Plaintiff appealed from the order and judgment dismissing her action. During the pendency of this appeal, and after the parties had filed their briefs, the Legislature amended the wrongful death statute (Stats. 2004, ch. 947, § 1). Based upon this amendment, which took effect on January 1, 2005 and which applies retroactively to plaintiff’s wrongful death claim, we conclude the facts plaintiff alleged in her operative complaint are sufficient to establish her standing to sue for wrongful death. Accordingly, we reverse the judgment and remand for further proceedings.
FACTS
Plaintiff and Dana first met in 1987. After dating for six months, the two women made a decision to be committed to each other exclusively as “life partners and ‘spouses.’”
Plaintiff and Dana jointly were responsible for each other’s living expenses. During their relationship, neither woman entered into any other relationship or domestic partnership. They lived with one another, and, in 1998, they purchased a home together, where they resided until Dana’s death.
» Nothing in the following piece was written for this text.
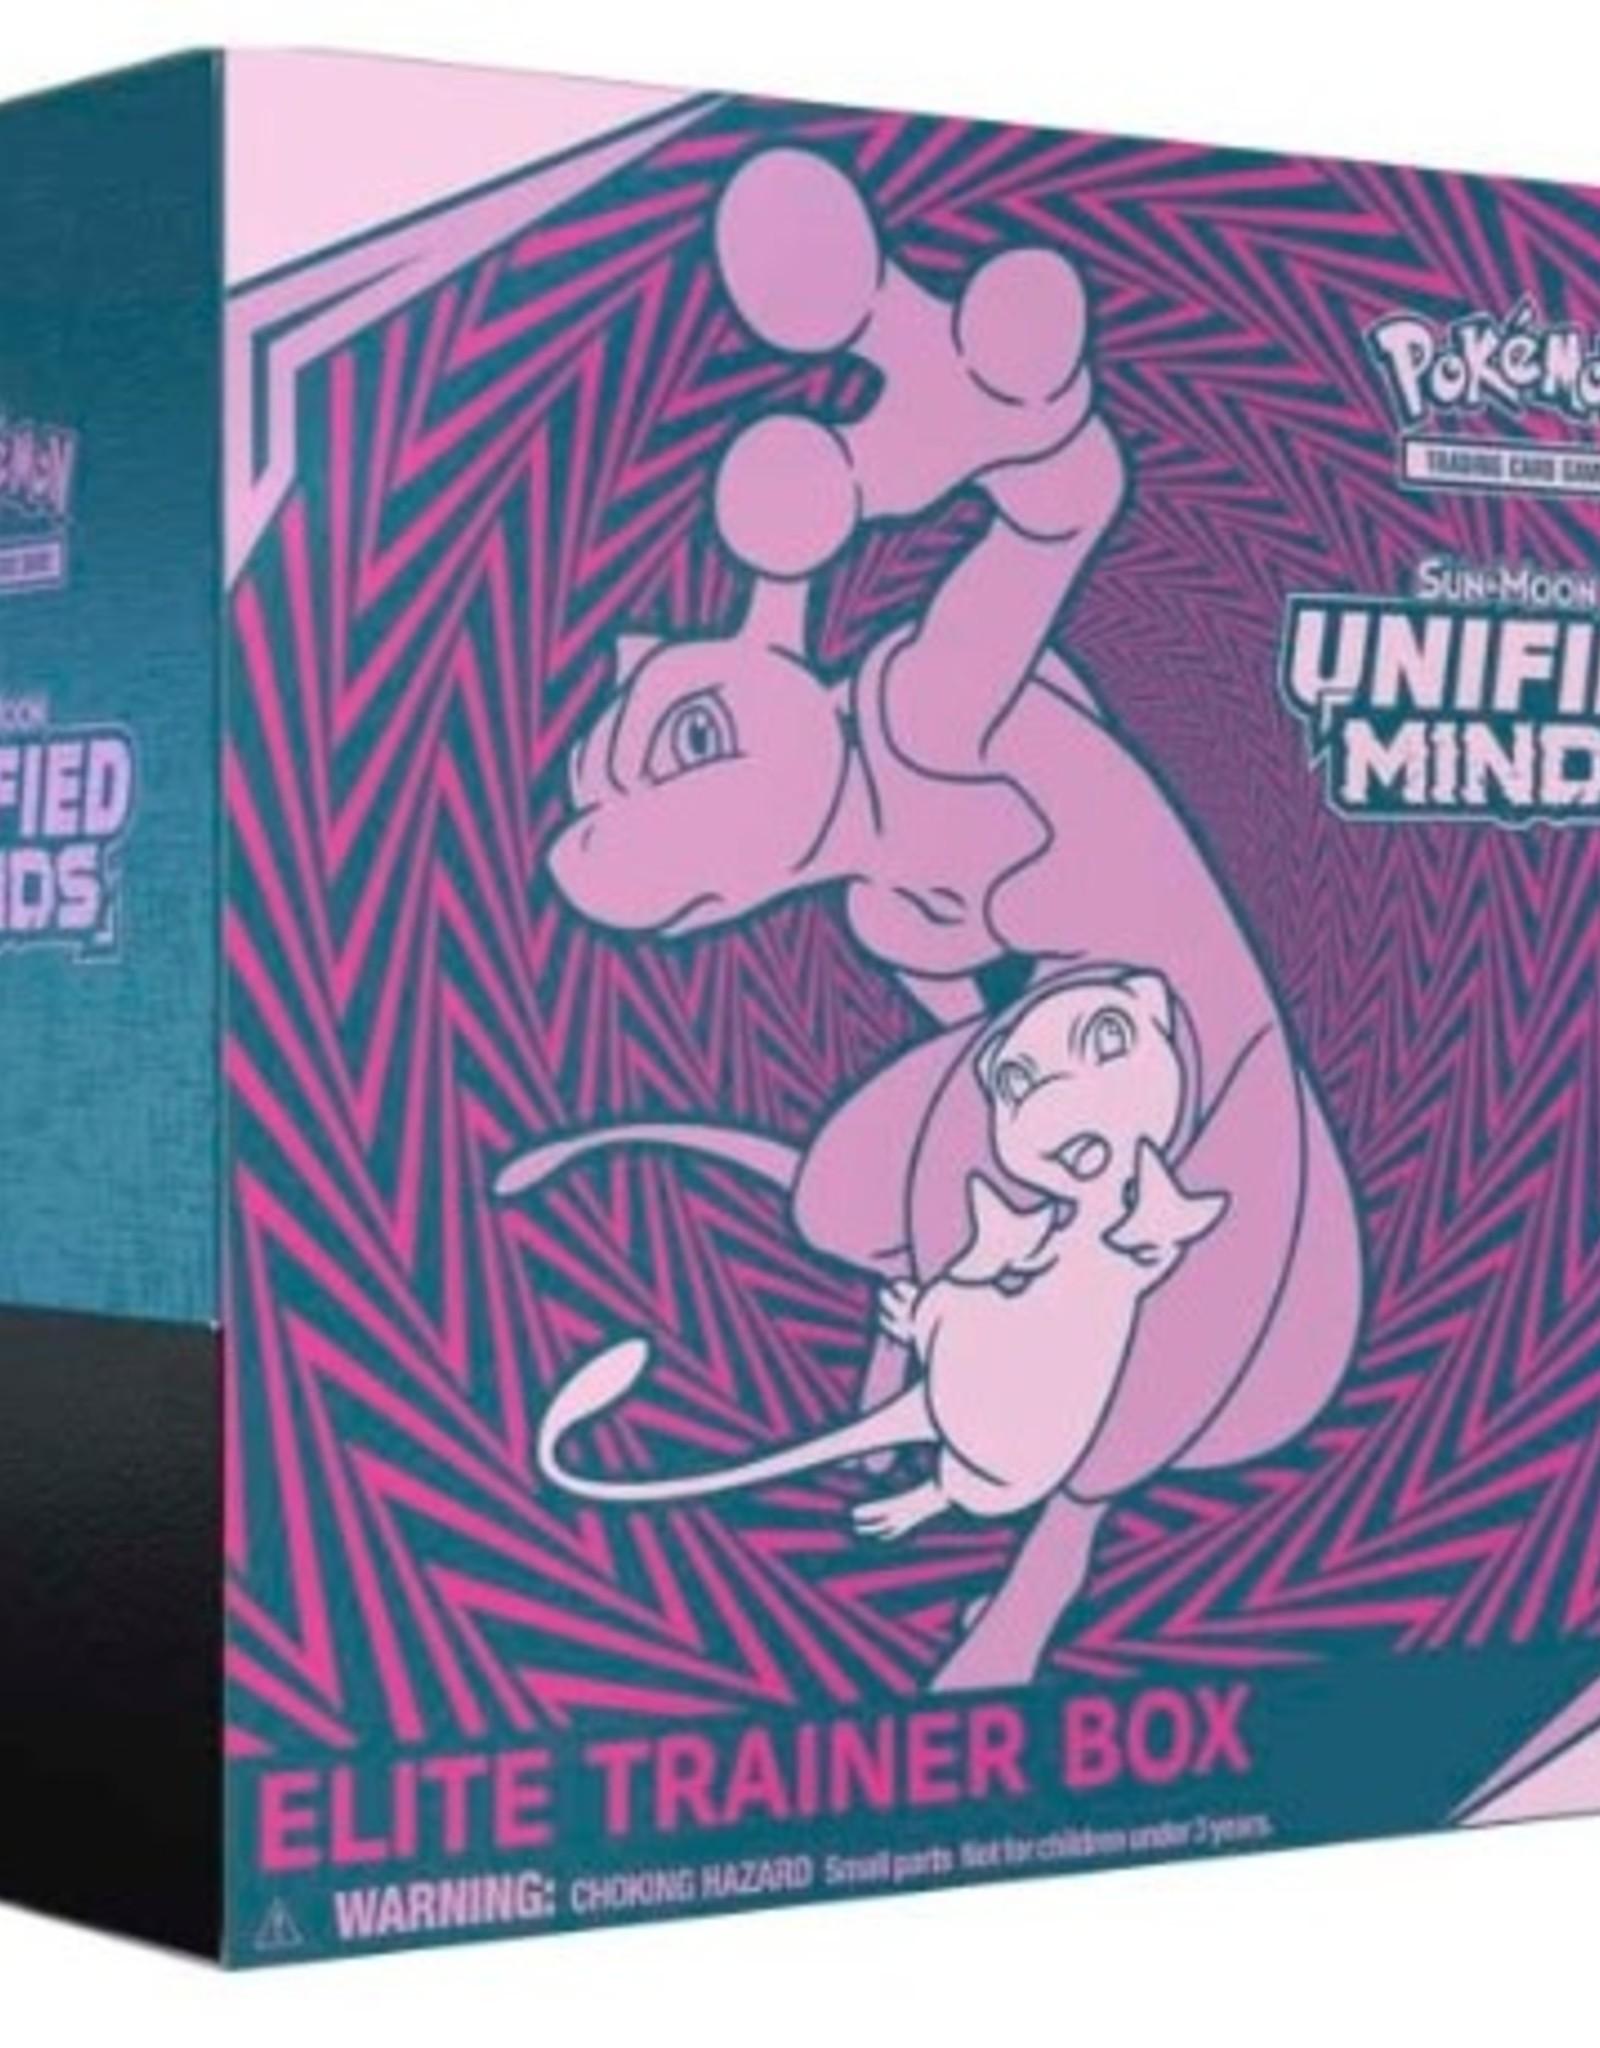 Pokemon Pokemon Unified Minds Elite Trainer Box

Plaintiff and Dana were not related by blood in a way that would have prevented them from marrying each another if they could have been married. Each was over the age of 18 when they met and formed their relationship.
On August 6, 2001, Dana died at defendant Sherman Oaks Hospital, where she had been “hospitalized for pain management and associated rehabilitation.” Miles, an employee of Labriute, had been Dana’s physician.
PROCEDURAL BACKGROUND
On August 20, 2002, plaintiff and Dana’s sister, Lori Schwartz (who is not a party to this appeal), filed this wrongful death action against defendants. Their operative second amended complaint was filed on December 20, 2002. Plaintiff alleged that Dana died as the result of defendants’ medical malpractice. Plaintiff sought compensatory damages, including compensation for the loss of love, companionship, comfort, affection, solace and moral support, that she suffered as a result of Dana’s death. Plaintiff also sought compensation for burial and funeral expenses, as well as the loss of Dana’s income and future earnings.
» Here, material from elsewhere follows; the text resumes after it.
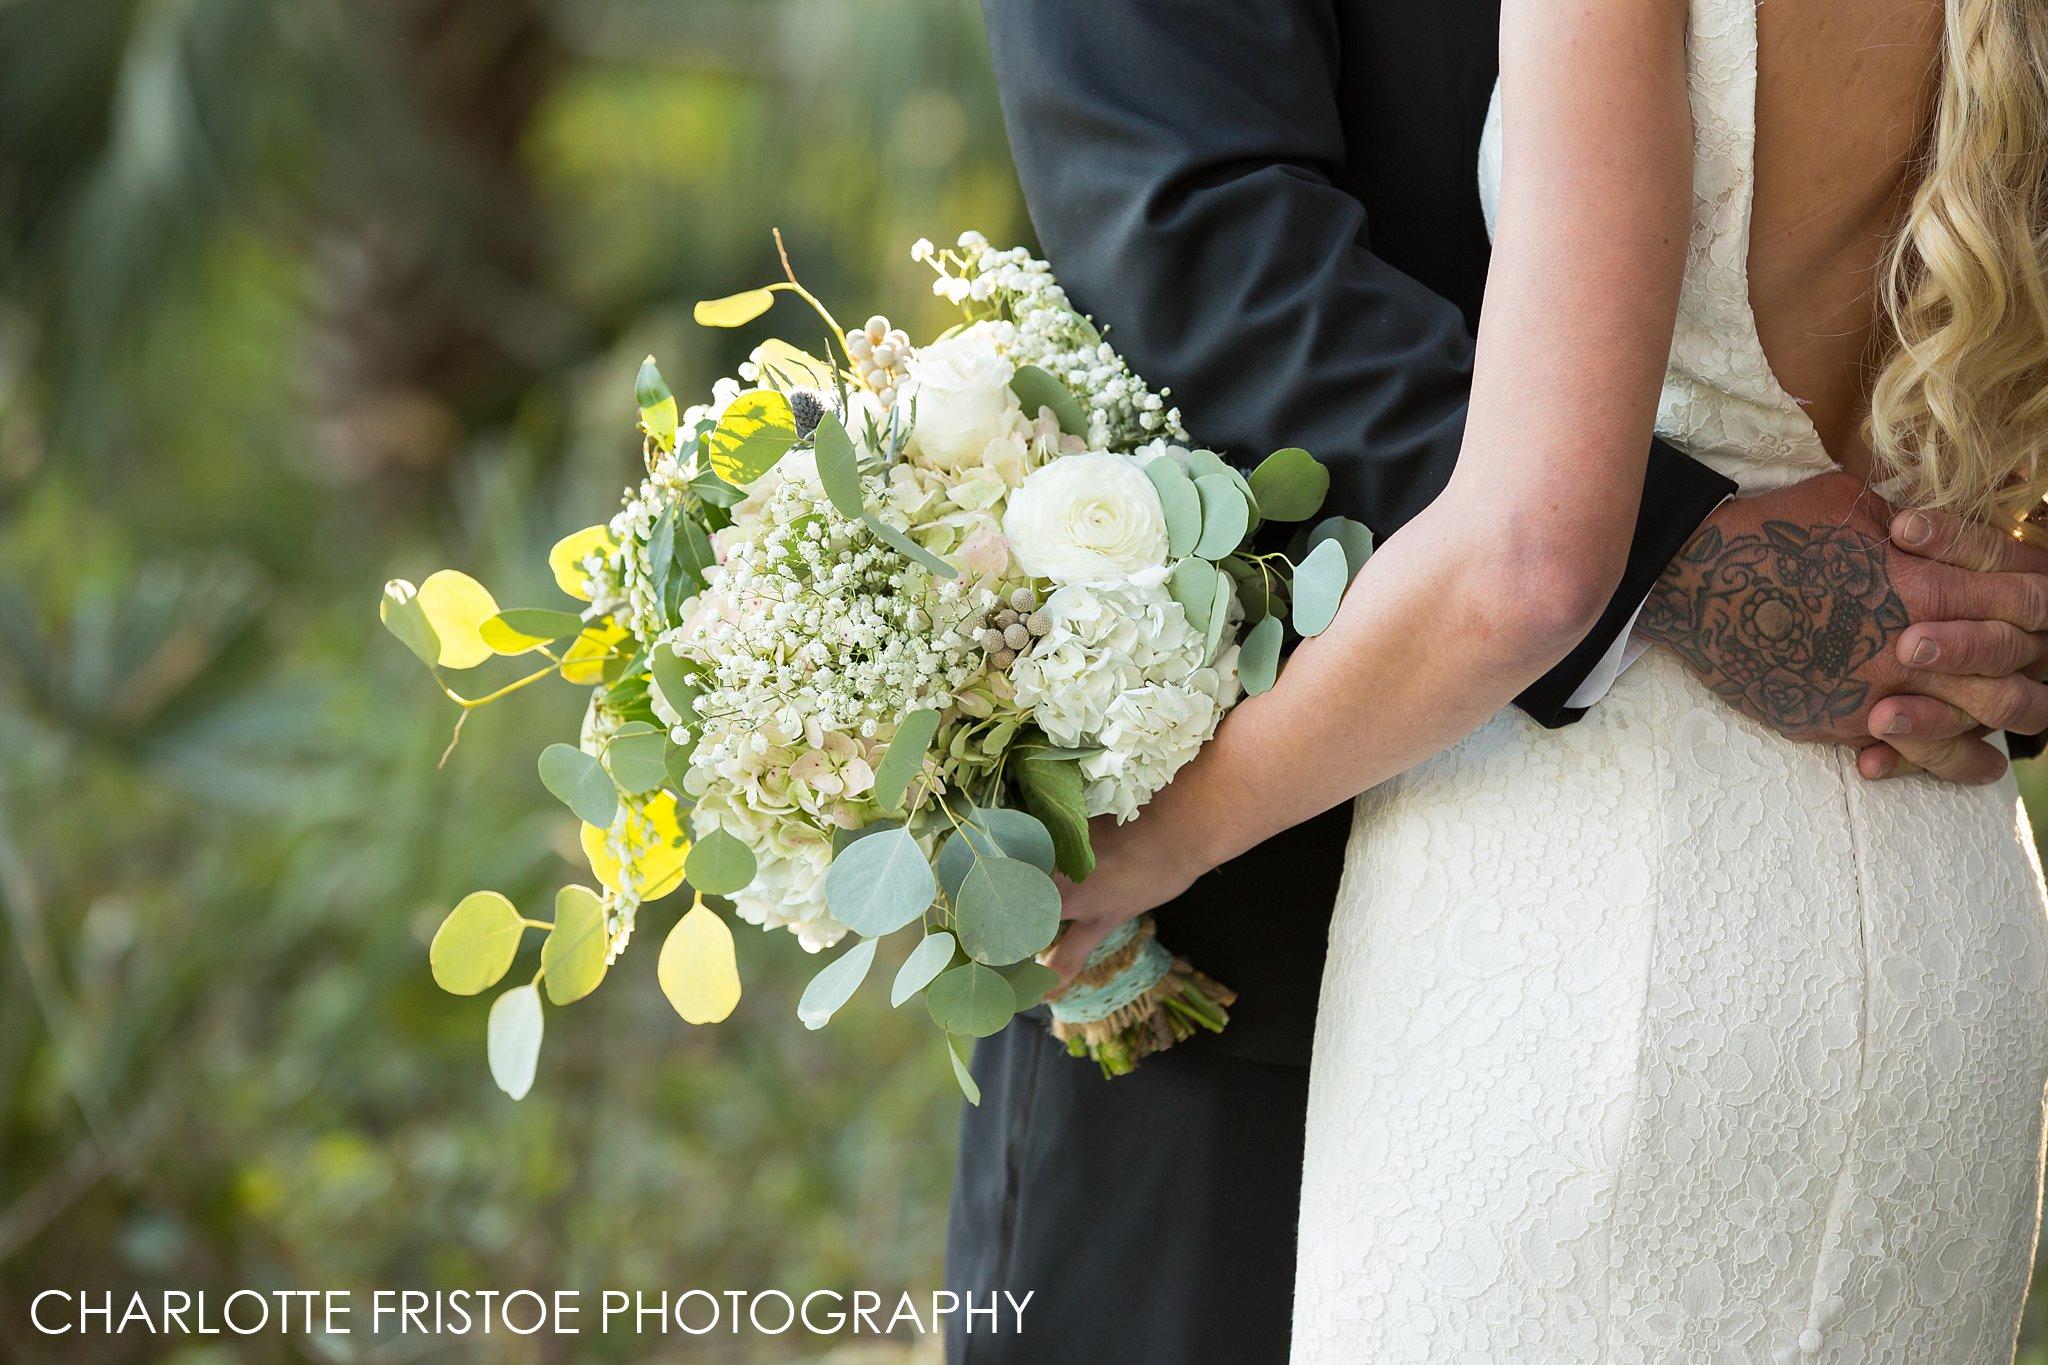 Charlotte Fristoe Photography-25.jpg

Defendants demurred to plaintiff’s causes of action. Relying on Code of Civil Procedure section 377.60 (section 377.60 or the wrongful death statute) and Family Code section 297, defendants asserted that plaintiff lacked standing to sue them for wrongful death, in that she and Dana had failed to file a Declaration of Domestic Partnership with the Secretary of State.
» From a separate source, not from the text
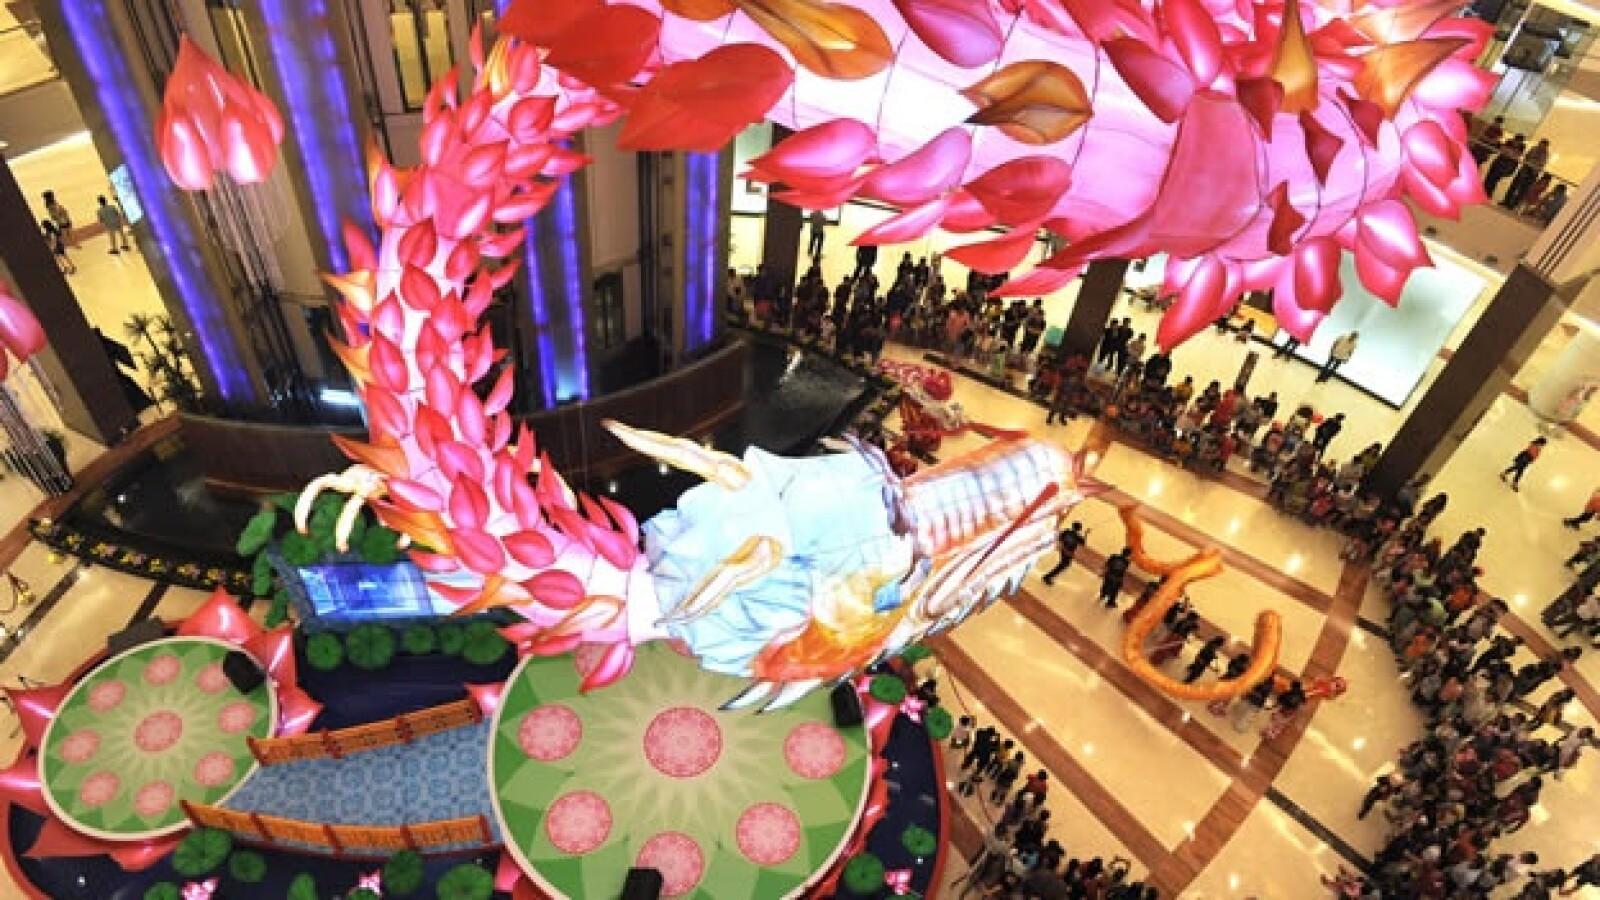 un dragon gigante en un centro comercial en indonesia

Plaintiff opposed the demurrers. Although she acknowledged that she and Dana had not fulfilled the registration requirement necessary to establish a domestic partnership, she argued that they had fulfilled the statutory intent and underlying purpose of domestic partnership registration despite the lack of registration.
The trial court, believing it had no discretion in this matter, sustained the demurrers without leave to amend based on the failure to file a Declaration of Domestic Partnership with the Secretary of State. On May 7, 2003, the trial court dismissed all of plaintiff’s causes of action with prejudice. This appeal followed.
CONTENTIONS
The trial court’s decision to sustain defendants’ demurrers without leave to amend was based upon the 2002 version of the wrongful death statute. Plaintiff contends that under the most reasonable construction of that statute and the domestic partnership law, she need not allege that she and Dana registered their domestic partnership with the Secretary of State in order to establish standing. Plaintiff further contends that a registration requirement would run afoul of the state and federal equal protection clauses and that, apart from whether she and Dana were domestic partners under the 2002 wrongful death statute, she nevertheless was entitled to bring this lawsuit under the equal protection and privacy guarantees of the California Constitution and under the equal protection and due process provisions of the United States Constitution. We conclude that registration is a prerequisite for standing under the 2002 version of the wrongful death statute. We further conclude, however, that the 2005 version of the wrongful death statute affords plaintiff standing to sue. We therefore need not and do not address plaintiff’s remaining constitutional contentions regarding the 2002 wrongful death statute.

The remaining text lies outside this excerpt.